Malaysian Bonds Decline This Week on Faster Inflation Outlook

Malaysia’s 10-year government bonds posted the biggest weekly drop since January on speculation inflation will accelerate from a 32-month high due to rising living costs.

Consumer-price gains will average between 3 percent and 4 percent in 2014, compared with 2.1 percent last year, amid costlier electricity, fuel and sugar, according to a March 19 central bank report. Malaysia should be vigilant on price pressures and stand ready to adjust policy rates if headline inflation remains elevated, the International Monetary Fund said in a statement last month.

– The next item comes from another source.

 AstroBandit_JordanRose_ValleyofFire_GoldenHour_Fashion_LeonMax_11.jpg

“Inflation will probably continue to go up and peak around the middle of the year,” said Winson Phoon, a Kuala Lumpur-based fixed-income analyst at Maybank Investment Bank Bhd., a unit of the nation’s largest lender. “Inflation is probably one of the reasons that investors are bearish on the bond market.”

The yield on Malaysia’s 4.181 percent notes due July 2024 climbed two basis points, or 0.02 percentage point, this week to 4.14 percent in Kuala Lumpur, according to data compiled by Bloomberg. It reached 4.15 percent yesterday, the highest level since Feb. 13, and was little changed today.

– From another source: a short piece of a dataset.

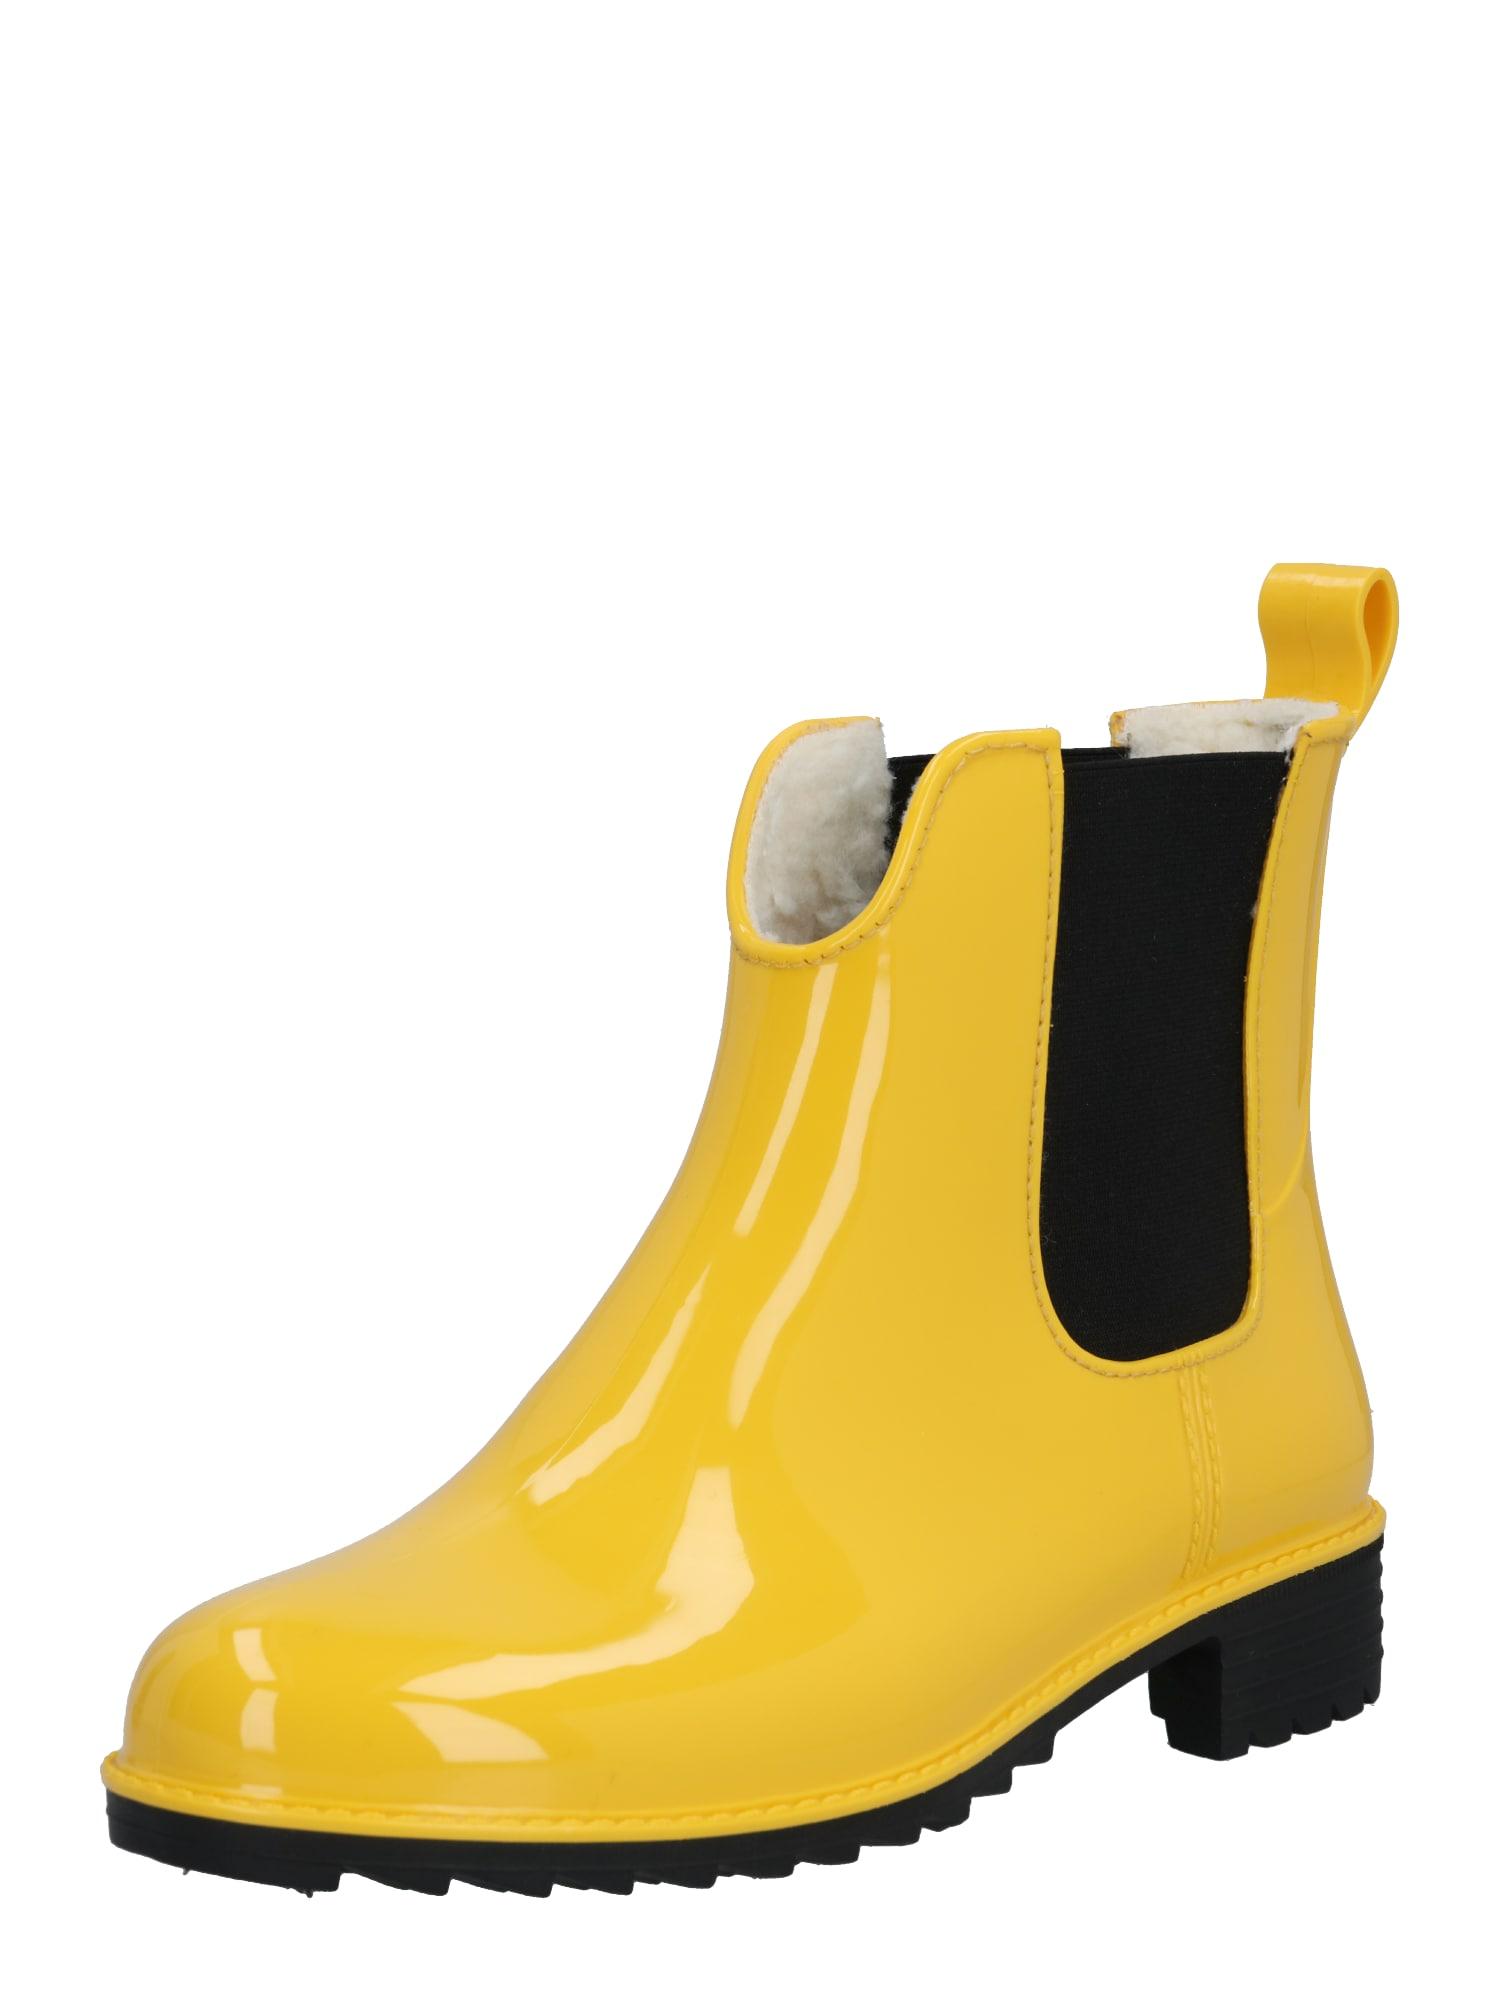 RIEKER Guminiai batai geltona / juoda

The ringgit declined 0.2 percent from March 28 to 3.2802 per dollar, data compiled by Bloomberg show. It advanced 0.1 percent today.

Swaps Rise

One-year interest-rate swaps reached 3.51 percent, the highest level since July 2011, signaling investors anticipate the central bank will raise borrowing costs from 3 percent. The benchmark has remained at that level since May 2011 even as inflation quickened to 3.5 percent in February.

Consumer prices advanced after the government trimmed fuel and power subsidies to lower the budget shortfall. Prime Minister Najib Razak will introduce a consumption tax in 2015 and targets a 15.6 percent reduction in subsidies to 39.4 billion ringgit ($12 billion) in 2014 for items such as sugar and cooking oil, according to a finance ministry report released in October.

Twelve of 17 economists surveyed by Bloomberg forecast Bank Negara Malaysia will increase the policy rate by at least 25 basis points this year. It next meets on May 8.

Citigroup Inc. is bearish on Malaysian debt due to broadening price pressures, and “upside risks to yields remain dominant,” strategists including Singapore-based Siddharth Mathur wrote in an April 3 report.

Malaysia’s exports increased 12.3 percent in February from a year earlier, exceeding the median forecast of economists for a 10.6 percent rise, a government report showed today. The trade surplus widened to 10.4 billion ringgit, the biggest gap since March 2012.

One-month implied volatility in the ringgit, a measure of expected moves in the exchange rate used to price options, rose eight basis points this week to 6.65 percent, according to data compiled by Bloomberg. The rate fell one basis point today.